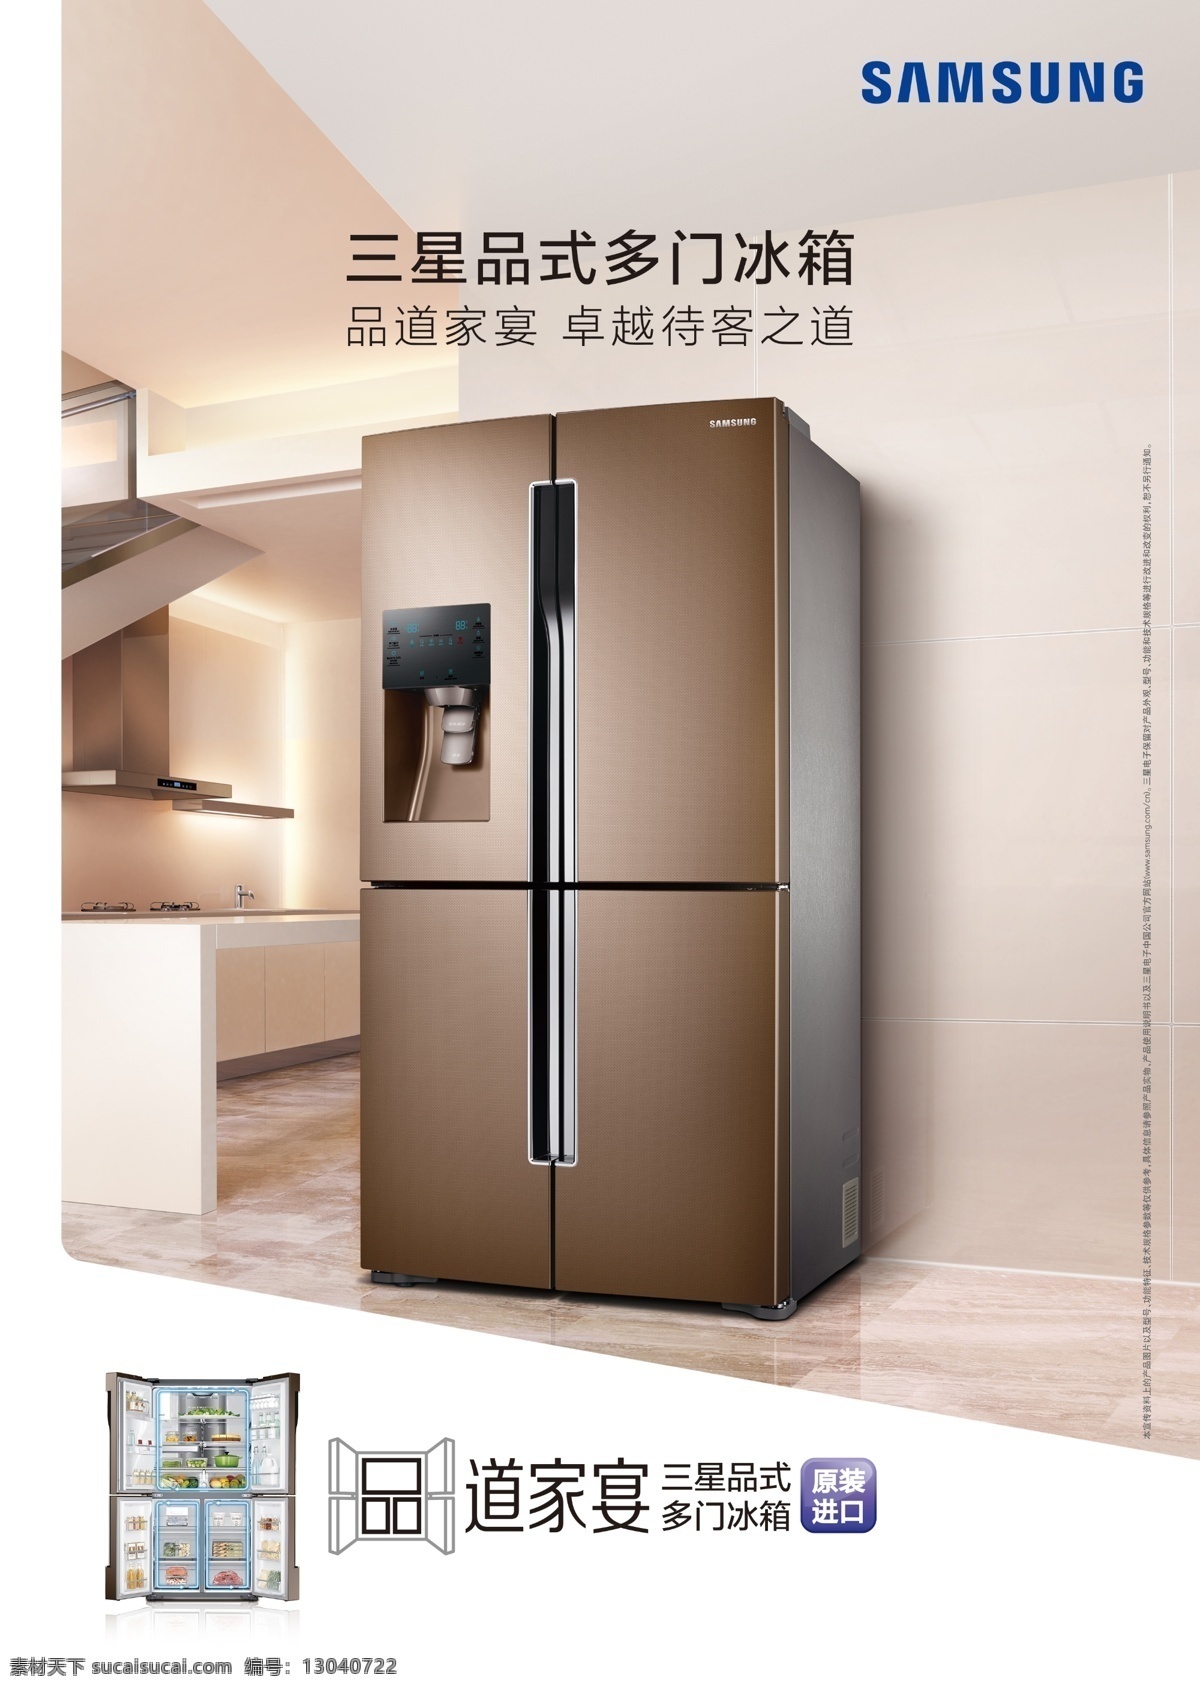 三星 t9000 冰箱 logo 标志 道家宴 冰箱模型 家电 多门冰箱 双门冰箱 分层 白色
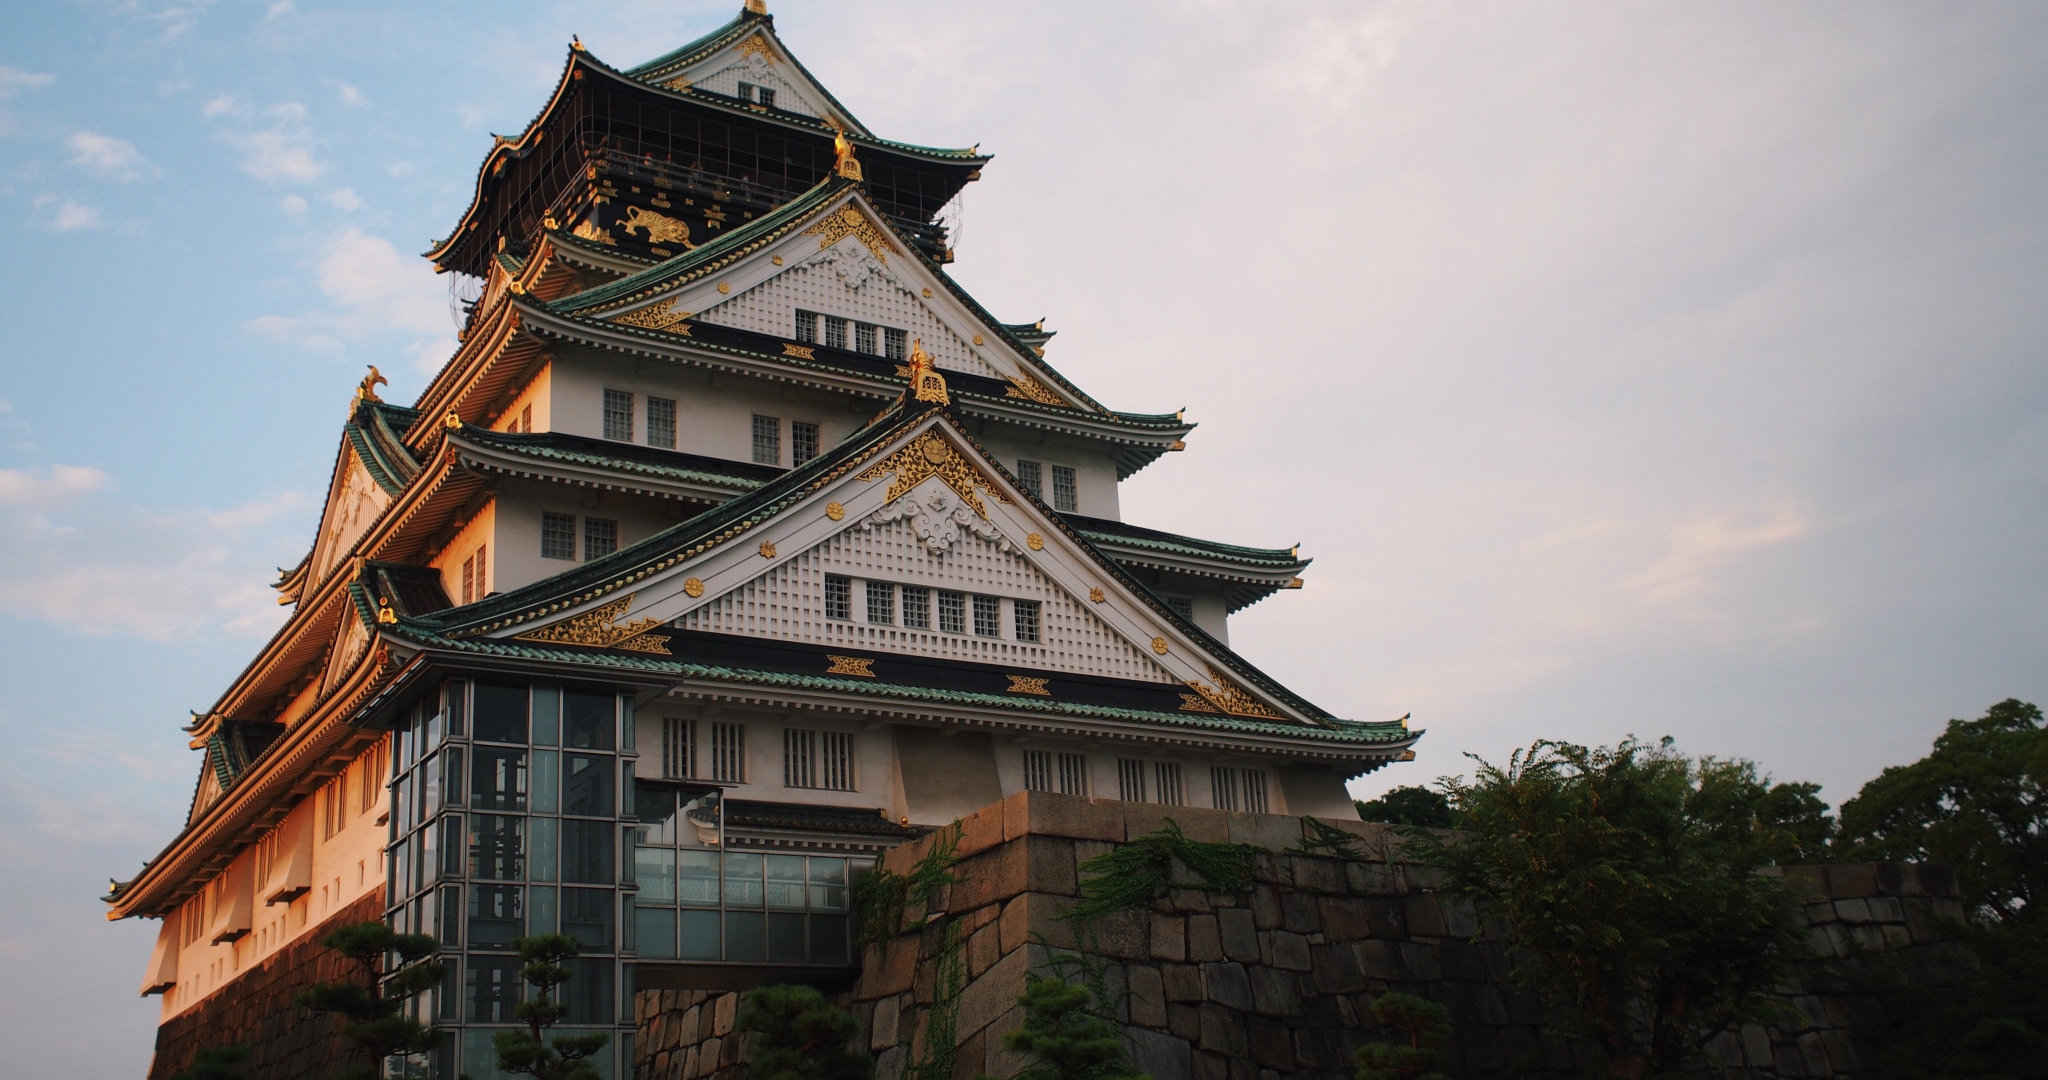 镀金瓦片的日式经典旅游景点特色建筑桌面壁纸
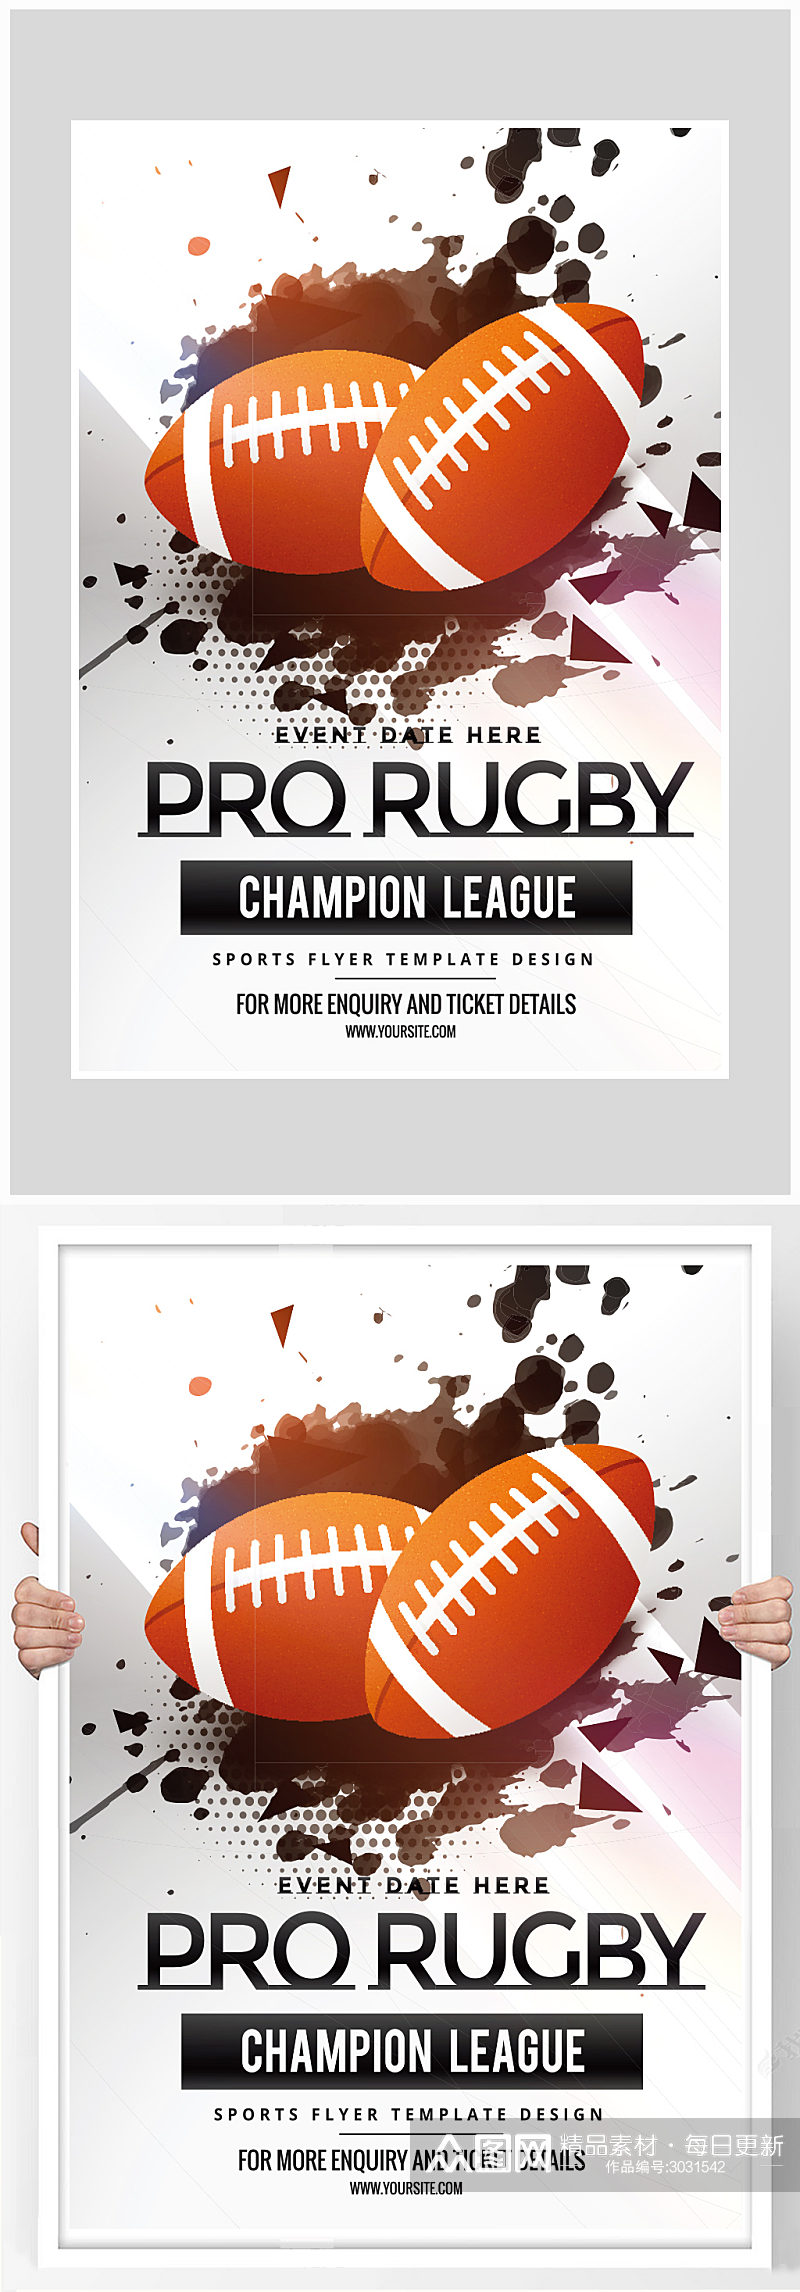 创意简约橄榄球运动比赛海报设计素材
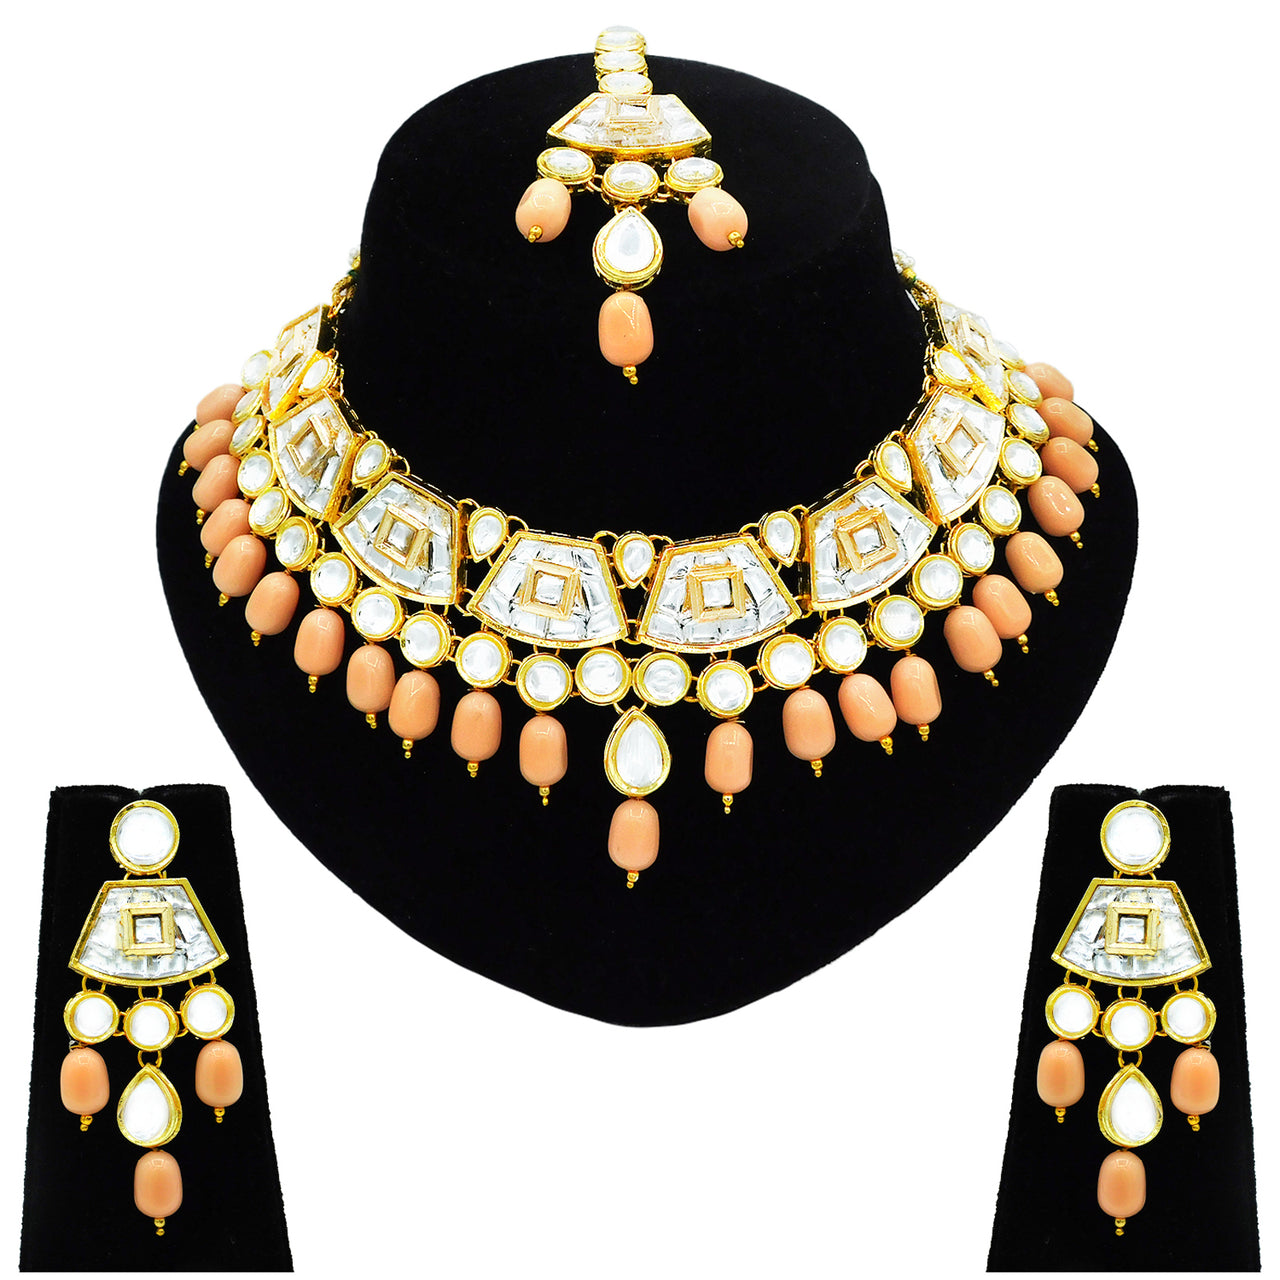 Sujwel Gold Kundan Choker Necklace For Women (08-0106) - Sujwel

> [Aim of the task]: All of the material is to be reproduced verbatim, pictures excluded.

> [Expected answer]:
 三星 t9000 冰箱 logo 标志 道家宴 冰箱模型 家电 多门冰箱 双门冰箱 分层 白色
 镀金瓦片的日式经典旅游景点特色建筑桌面壁纸
 创意简约橄榄球运动比赛海报设计素材
 Sujwel Gold Kundan Choker Necklace For Women (08-0106) - Sujwel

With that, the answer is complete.